_EXERCISE DESCRIPTION:_ Find the line containing "Happy girl receives" in the records below. Copy exactly that line and each one after it, ending at the line containing "Rajasthan Ayurveda Vibhag", and nothing more.

_DATASET RECORDS:_
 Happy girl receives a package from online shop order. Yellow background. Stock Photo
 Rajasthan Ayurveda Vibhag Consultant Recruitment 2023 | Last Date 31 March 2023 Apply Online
---
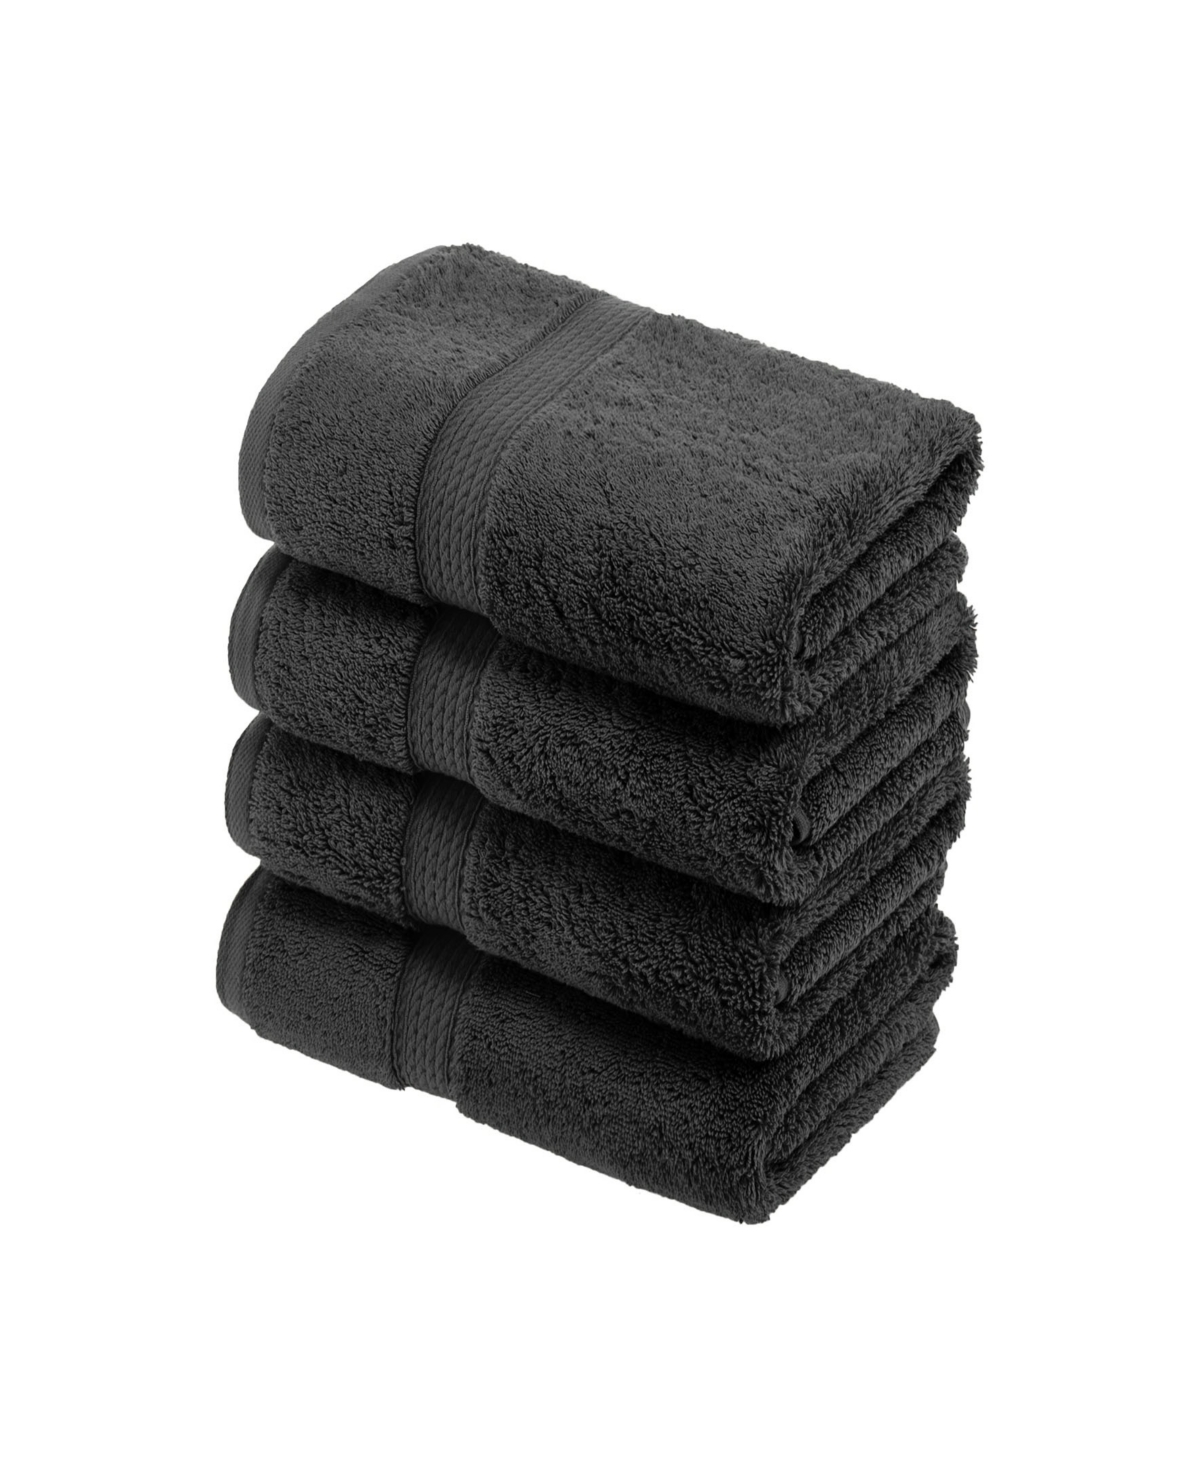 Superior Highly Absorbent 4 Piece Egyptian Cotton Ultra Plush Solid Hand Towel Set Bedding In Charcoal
--
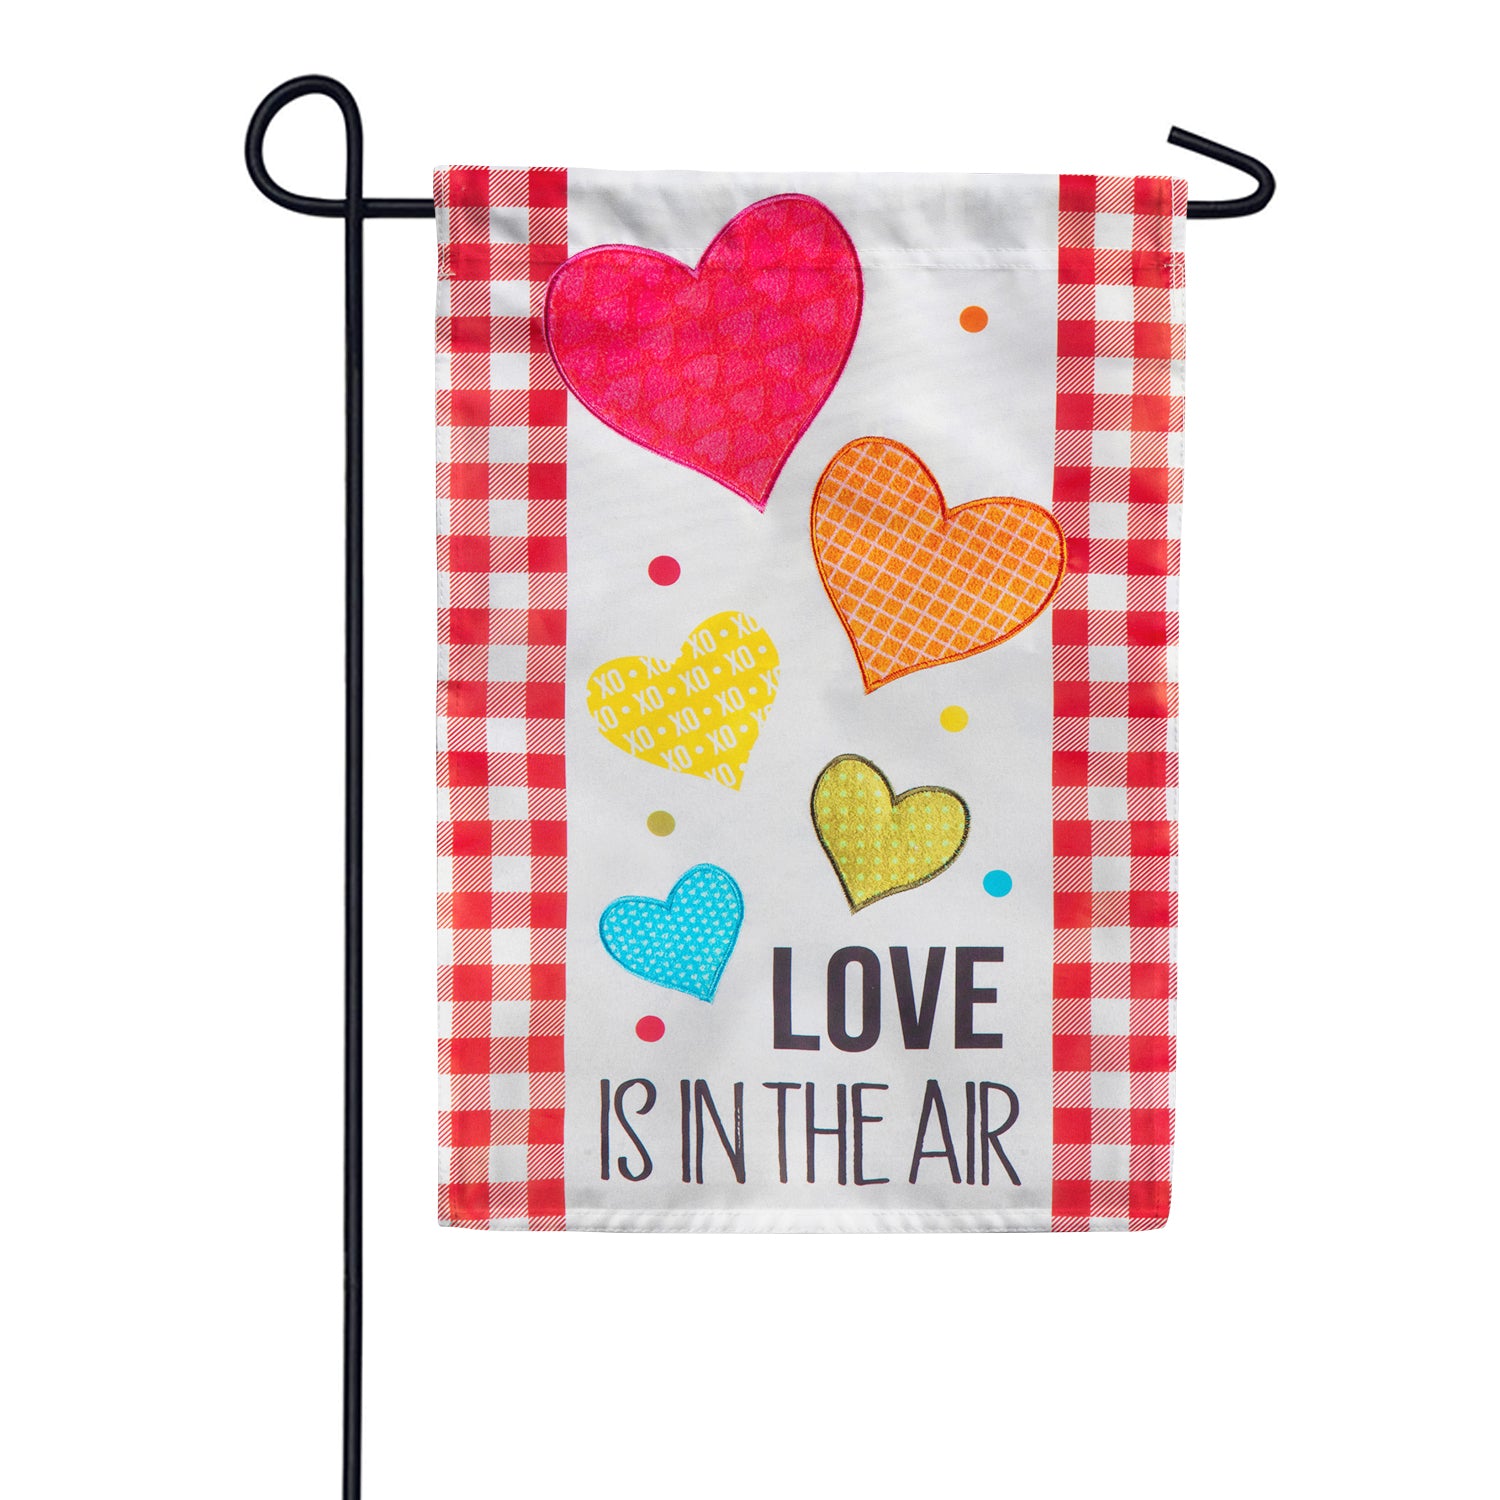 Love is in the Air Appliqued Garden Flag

_RESPONSE:_
 Happy girl receives a package from online shop order. Yellow background. Stock Photo
 Rajasthan Ayurveda Vibhag Consultant Recruitment 2023 | Last Date 31 March 2023 Apply Online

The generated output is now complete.